Codon usage bias is a term that is fairly self explanatory: it is a preference for the use of certain codons (or not) in certain scenarios. In one sense, you may consider that not all proteins need to have the same translational efficiency, while some CDSes may need very rapid translational efficiency to perform their function in cells with changing needs. Codon usage is often pigeonholed as a synthetic biology problem for increasing or modulating the translational efficiency of transgenes by modifying or “optimizing” a gene for a certain codon usage pattern for desired effects.
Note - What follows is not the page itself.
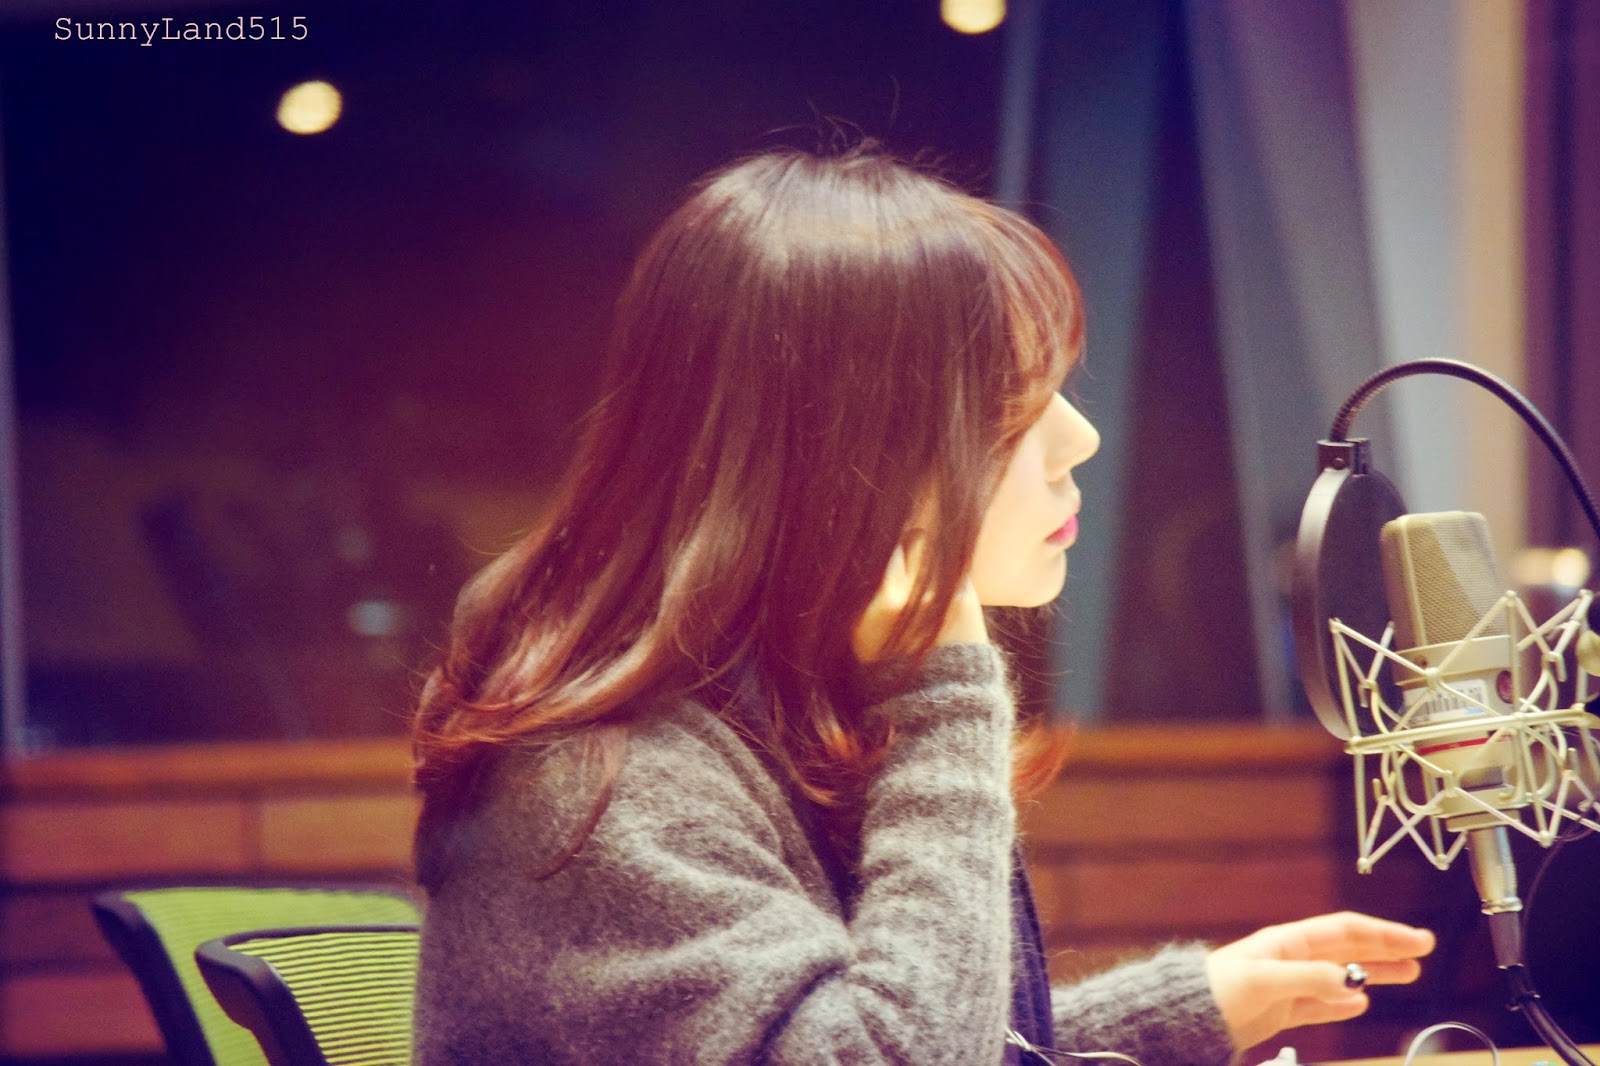 [OTHER][06-02-2015]Hình ảnh mới nhất từ DJ Sunny tại Radio MBC FM4U - "FM Date" - Page 10 DSC_0259_Fotor

However, codon usage has implications for a variety of problems in genetic biology beyond translational efficiency. With sequencing technologies on the rise, there are more questions about situations where codon usage modulates the effects of mutation, paralogy, horizontal-gene transfer, and more. Codon usage studies are truly in their infancy, and while we have some metrics to date that have utility such as the Effective Number of Codons, the Codon Adaptation Index, Frequency of Optimal Codons, and Relative Synonymous Codon Usage, the point of having effective metrics is to address novel hypotheses.
Hypothesis
First let me state a premise. I think that codon usage patterns in proteins/CDS of metabolic genes between two very different species of bacteria will be useful in distinguishing those organisms that global codon usage patterns alone. I believe that codon usage patterns are different between certain species of bacteria. The H_{0} will be that codon usage patterns in metabolic genes of two similar organisms will be indistinguishable via chi-square test.
Data acquisition
Data such as fasta sequences, .gff3/.gtf files and CDS sequences can be downloaded directly from NCBI using the datasets
command. This allows you to access genome annotations, sequences, and more. GO terms can be accessed through the NCBI Genes database, UniProt, and geneontology.org. Mapping to RefSeq IDs can be done with a mixture of Python code, NCBI EUtils, and other gtf/gff parsing or Gene Ontology tools.
1
datasets download genome accession $ACCESSION --include gff3,rna,cds,protein,genome,seq-report
kmerdb codons
- codon count table
The kmerdb codons command will count codons from valid CDSes. By default, it will print a nx64 table, including the ochre, amber, and opal stop codons
This may be problematic for some species of bacteria where the gene begins with a residue other than Methionine or a stop codon other than Ochre, Amber, or Opal stop codons. In those cases, the CDS will be considered ‘invalid’ and the program will either throw an error about the invalid CDS, or it will include the row/gene if the
--include-noncanonicals
parameter is supplied.
1
2
3
4
5
6
7
kmerdb codons my_cds_sequences.fna > cds_codon_counts.tsv
head cds_codon_counts.tsv
AAA AAC AAG AAT ACA ACC ACG ACT AGA AGC AGG AGT ATA ATC ATG ATT CAA CAC CAG CAT CCA CCC CCG CCT CGA CGC CGG CGT CTA CTC CTG CTT GAA GAC GAG GAT GCA GCC GCG GCT GGA GGC GGG GGT GTA GTC GTG GTT TAA TAC TAG TAT TCA TCC TCG TCT TGA TGC TGG TGT TTA TTC TTG TTT
lcl|NC_000913.3_cds_NP_414542.1_1 1 1 0 0 1 7 0 0 0 1 0 0 0 10 3 0 0 0 0 0 0 0 0 0 1 0 0 0 0 0 0 00 0 0 0 0 1 0 0 1 0 2 0 0 0 0 0 0 0 00 0 0 0 0 0 0 0 0 0 0 0
lcl|NC_000913.3_cds_NP_414543.1_2 22 16 12 22 2 19 8 5 0 12 2 3 1 15 22 30 11 6 19 8 2 6 18 3 3 19 4 18 2 13 43 840 14 13 30 14 36 26 15 9 22 10 22 5 18 27 19 0 8 012 6 10 9 11 0 9 4 3 10 19 13 11
lcl|NC_000913.3_cds_NP_414544.1_3 3 6 7 6 2 3 3 1 0 4 1 3 0 99 7 3 3 11 3 4 1 9 2 2 4 5 5 0 5 15 2 15 5 6 8 6 9 17 5 2 12 5 8 3 5 7 8 0 3 05 1 6 3 0 0 6 4 3 3 4 6 6
lcl|NC_000913.3_cds_NP_414545.1_4 17 11 5 8 2 11 6 4 0 6 0 3 0 97 8 5 5 16 5 9 3 11 0 1 7 0 9 1 6 29 1 19 4 10 20 5 8 24 10 2 11 4 11 2 5 15 5 0 5 04 3 2 5 0 0 1 3 3 5 11 12 13
The result is a .tsv file with codon counts from each codon in the CDS except for the start and stop codons, unless --include-start-codons
or --include-stop-codons
parameters are supplied. The default is a n x 64 table of codon counts, one row for each of the ‘n’ genes. You can omit the stop codon columns on your own or using --no-stop-codons-in-table
to make the table n x 61.
The goal is to allow users to run their own analysis such as Effective Codon Number, or Relative Synonymous Codon Usage using the count data provided.